Viber cannot characterize its typical user. According to Shmilov, in places where market penetration is low, users are mainly business people or tourists.
“In Israel, for example, a typical user is in touch with users in a country where we are big, or is a tourist who needs more flexibility,” he says. “In countries where we are big, there is no average user profile.”
One of the main current technology trends is messaging apps turning into service platforms, through which third parties such as banks reach clients. This trend is expected to strengthen in the coming years, impacting Viber, too. “Some 300 million PCs were bought over 30 years, while 1.5 billion smartphones were sold within a decade,” says Shmilov.
“It’s a new reality.”
“Usage patterns are moving from the web to the app. Companies are pushing you to download their app. People understand that a mobile phone has all the existing abilities and sensors,” he says. “In parallel, the trend is for users to download up to 24 apps and use five apps daily.
It says that the same five apps turn into the entryway to the web.
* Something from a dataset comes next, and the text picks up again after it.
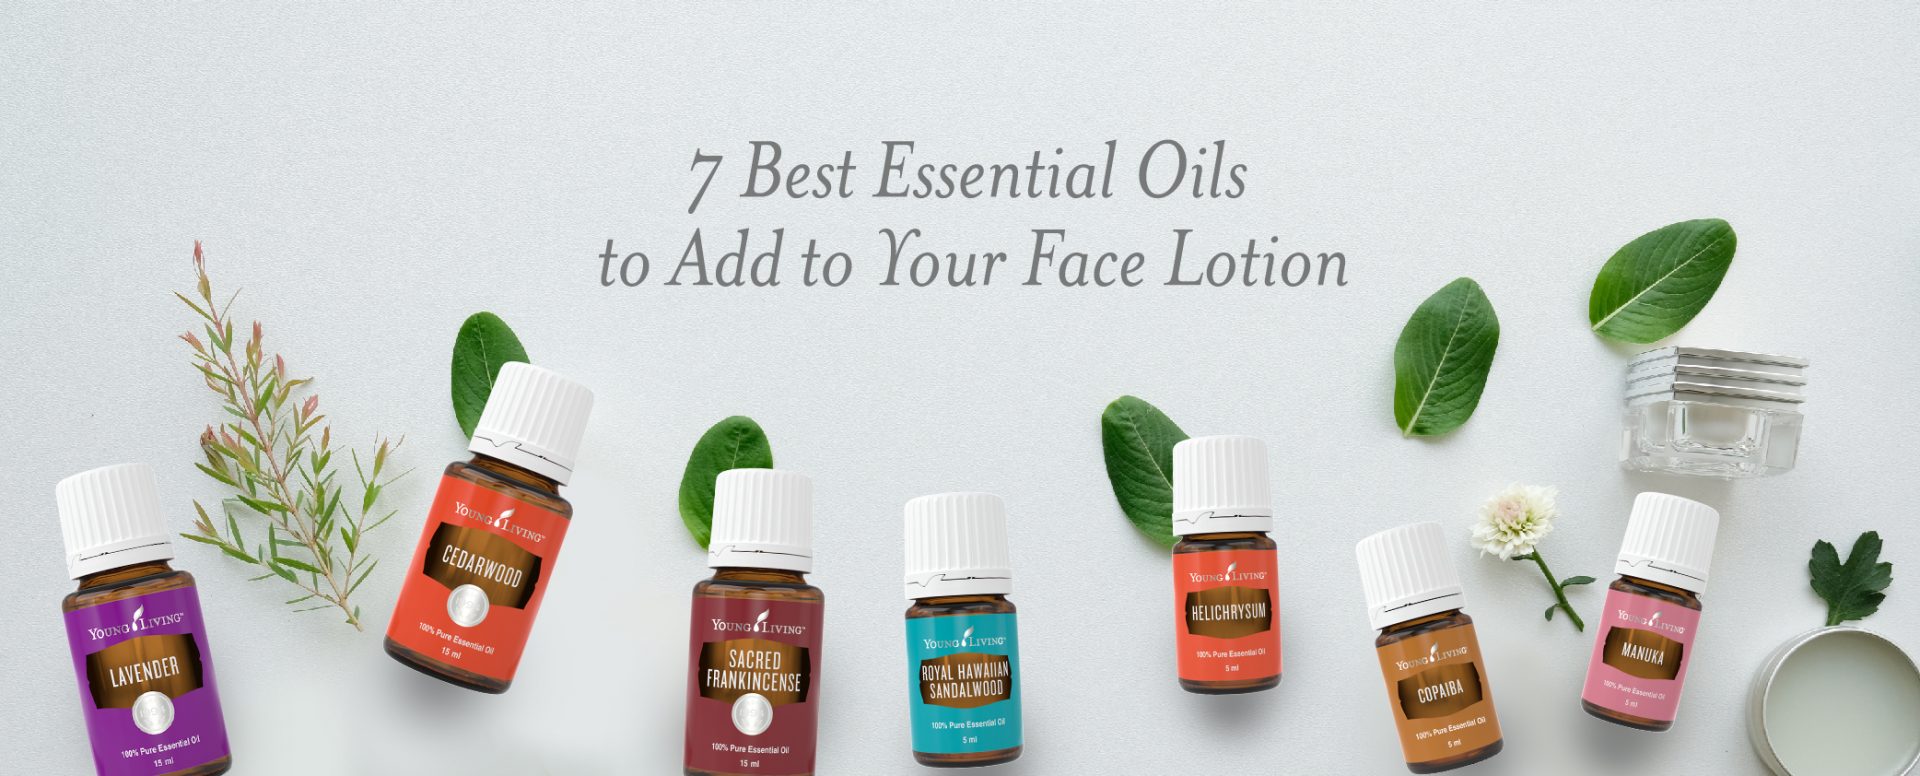 Collection of Young Living Essential Oils for face

They have the potential to turn into an access point for existing services, and that is the thing creating the trend that we now see.”
Still, Shmilov believes message apps won’t turn into the only platform for user interaction with businesses.
Another aspect is the advent of the internet bot, which are software applications that run automated tasks. Shmilov says that Viber is working on allowing communication between regular users and companies and organizations.
“The focus is on finding the appropriate users and the appropriate technology,” he says, describing Viber’s preparation for the age of bots.
“In some countries, for example Russia and Ukraine, we are already enabling communication between the bank and the user.”